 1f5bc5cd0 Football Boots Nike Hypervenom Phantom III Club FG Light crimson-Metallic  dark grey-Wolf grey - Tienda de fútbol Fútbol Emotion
•••
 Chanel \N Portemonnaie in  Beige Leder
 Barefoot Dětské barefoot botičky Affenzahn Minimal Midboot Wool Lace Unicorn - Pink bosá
•••
In the listing above, find the line with "Chanel \N Portemonnaie" and the line with "Barefoot Dětské barefoot"; set down exactly those two lines and every line between them, nothing more.

 Chanel \N Portemonnaie in  Beige Leder
 Barefoot Dětské barefoot botičky Affenzahn Minimal Midboot Wool Lace Unicorn - Pink bosá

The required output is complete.